Они были под стать друг другу: оба обожали танцевать, с удовольствием посещали спортивные состязания и военные парады. Так что нет ничего удивительного в том, что Элла без особых раздумий согласилась стать миссис Хепберн-Растон, как только Джордж получит развод от своей прежней жены. Влюбленные незамедлительно отправились в Ост-Индию, где после недолгих бюрократических проволочек — Корнелия, судя по всему, сама была рада избавиться от такого сомнительного сокровища, как ее супруг, — поженились в Батавии 7 сентября 1926 года.
Первое время баронесса была счастлива, однако довольно быстро она поняла, что снова вышла замуж не за того мужчину. Джозеф оказался холодным, самолюбивым эгоистом, предпочитающим тратить деньги жены, проводя время в праздности и ворчании.

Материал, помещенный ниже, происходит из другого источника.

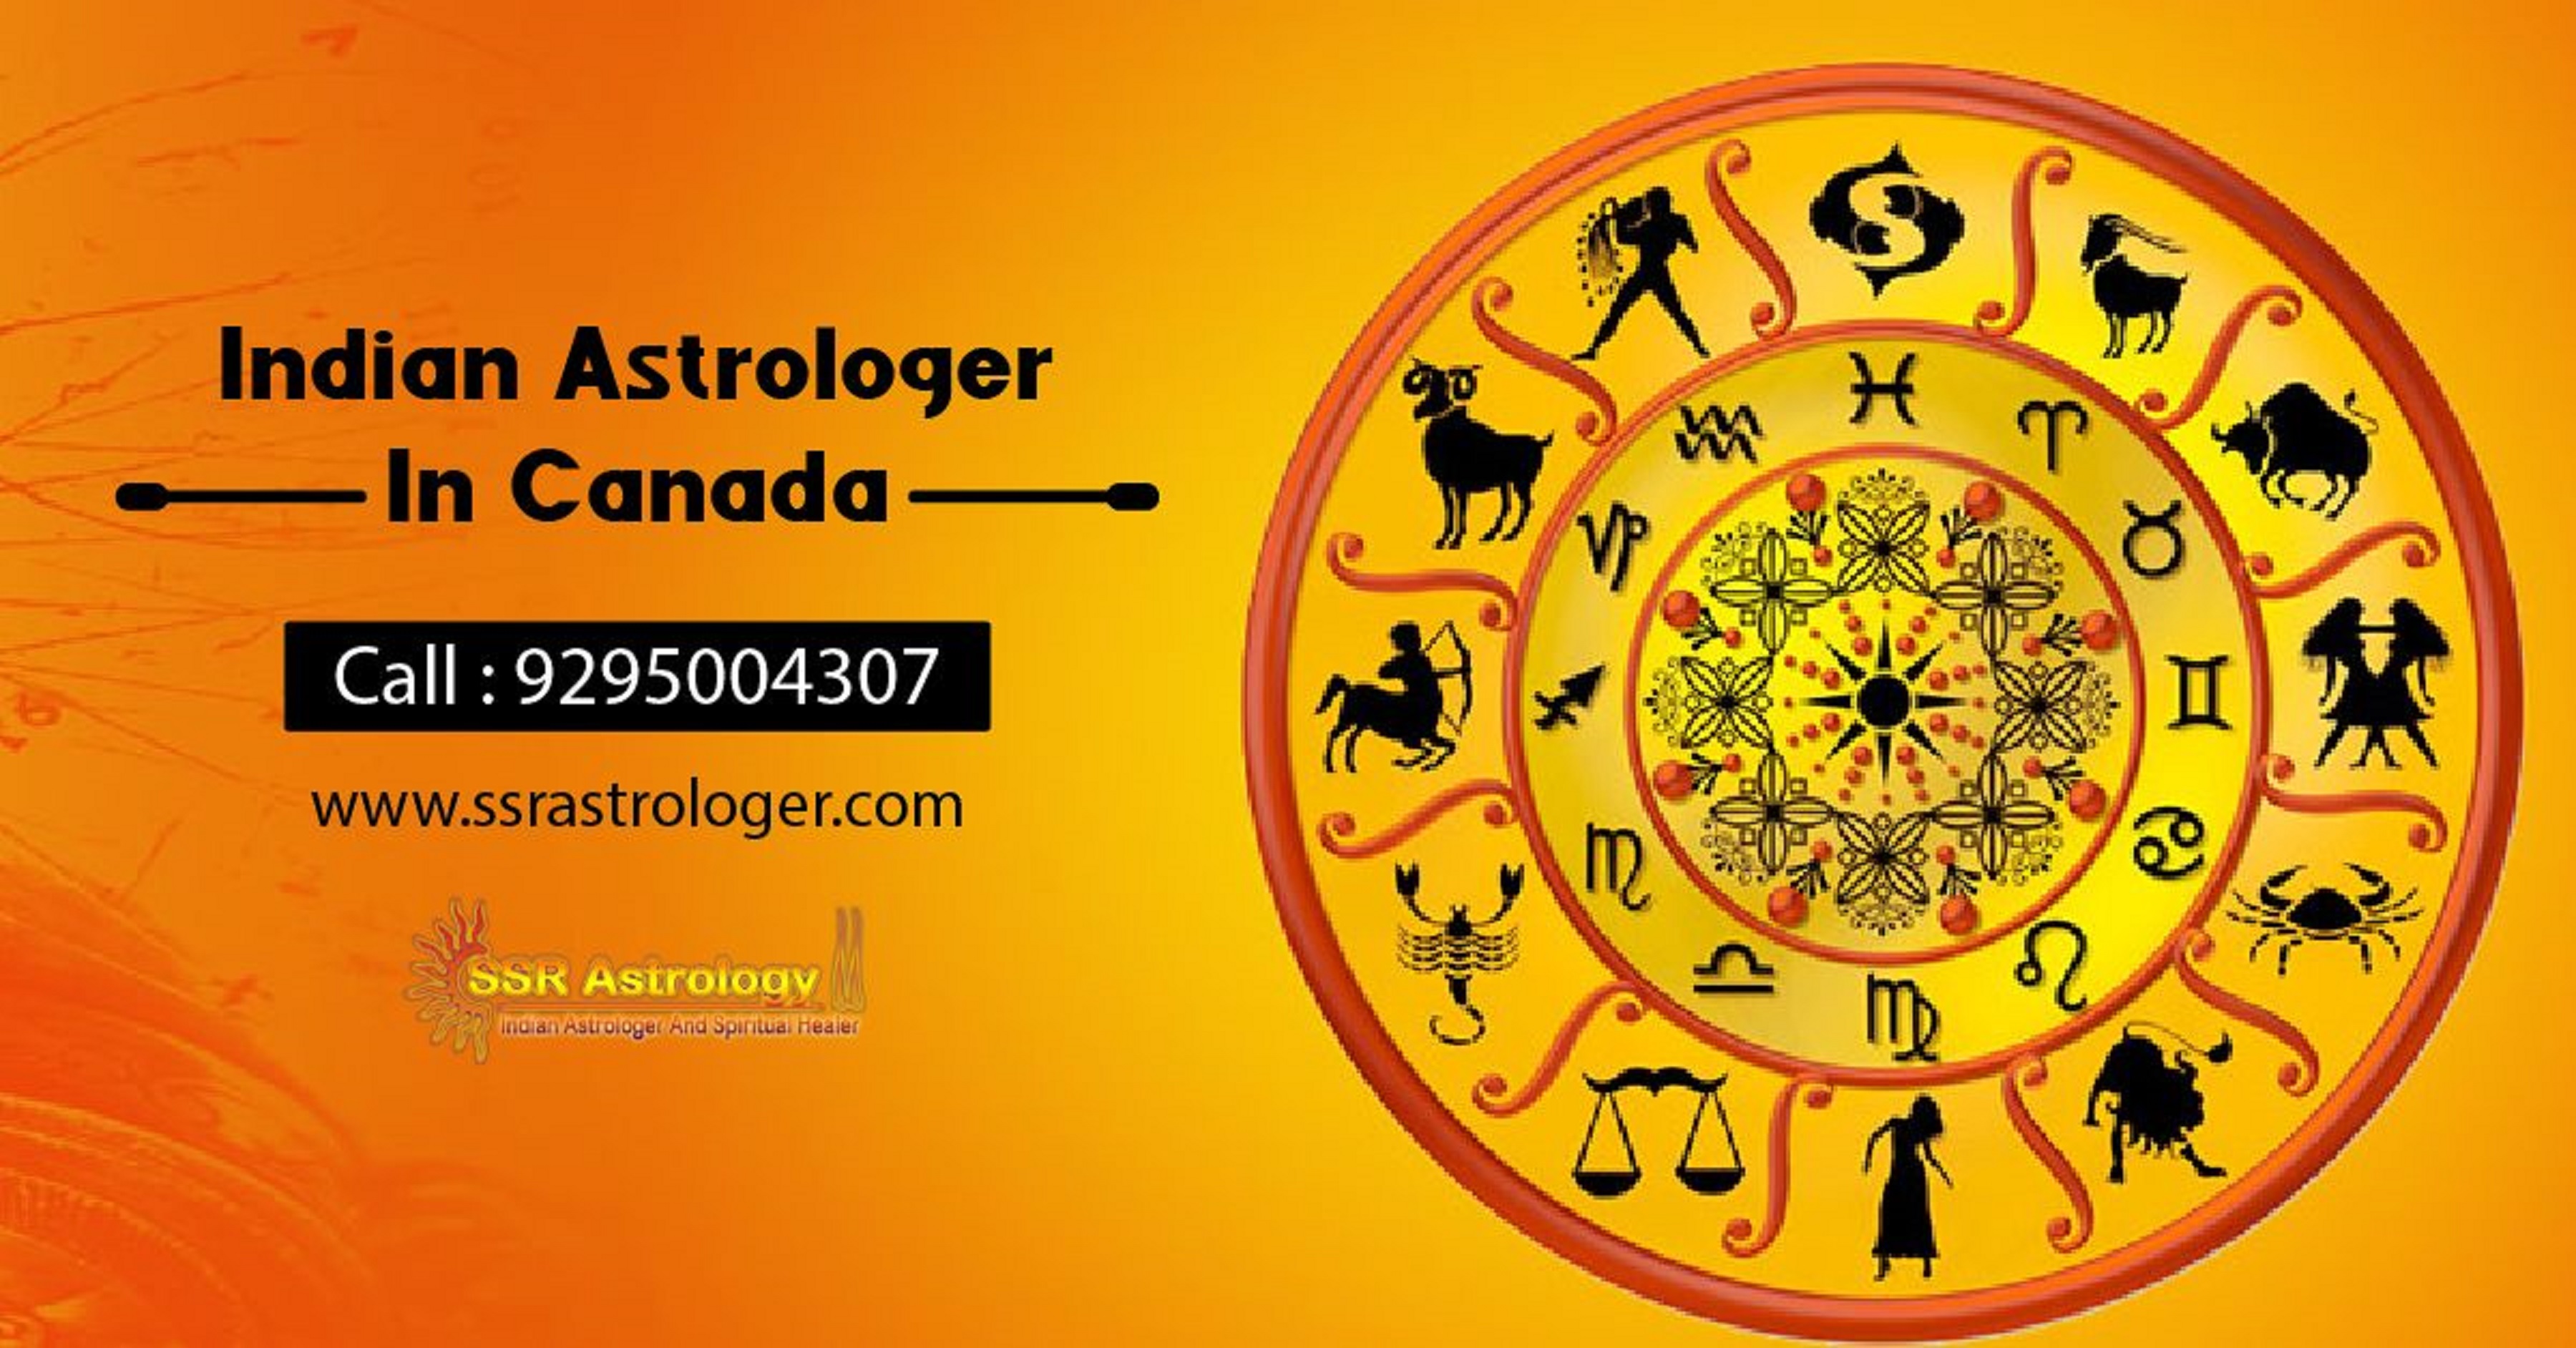 astrologer in Canada, best astrologer in Canada, famous astrologer in Canada, top astrologer in Canada, indian astrologer in Canada, best indian astrologer in Canada, top indian astrologer in Canada, famous indian astrologer in Canada, astrologer in Toronto, best astrologer in Toronto, famous astrologer in Toronto, top astrologer in Toronto, indian astrologer in Toronto, best indian astrologer in Toronto, top indian astrologer in Toronto, famous indian astrologer in Toronto, ontario, canada and mississauga.

К ее сыновьям он был холоден, с женой неласков, и хотя Элла была вынуждена устроиться на работу, ее супруг лишь ругал правительство и жаловался на экономический кризис. Элла держалась как могла: второй раз признать свой брак неудачным было нелегко даже для такой закоренелой оптимистки. Но в конце концов она — в весьма сдержанных выражениях — написала обо всем родителям. Через некоторое время пришел ответ: возможно, Джозеф бы преуспел, если бы завел дела с кое-кем из их английских партнеров — может быть, дела в Англии обстоят лучше и там найти работу ему будет проще?
Джозеф с радостью согласился: он вообще любил Англию, и каким бы туманным и промозглым ни был Лондон, он был всяко лучше затерянной на краю света Батавии. В конце 1928 года Джозеф, Элла и два ее сына отправились к британским островам, навсегда оставив в прошлом голландскую Ост-Индию.
Они прибыли в Лондон накануне Рождества — не самое лучшее время, по словам Джозефа, чтобы искать работу; впрочем, в январе он к поискам тоже не приступил. Зато в феврале кто-то из деловых партнеров барона ван Хеемстра предложил ему место в бельгийском отделении британской страховой компании — и через месяц Элла снова паковала вещи для очередного переезда. Она была на седьмом месяце беременности, и ее оптимизм таял на глазах…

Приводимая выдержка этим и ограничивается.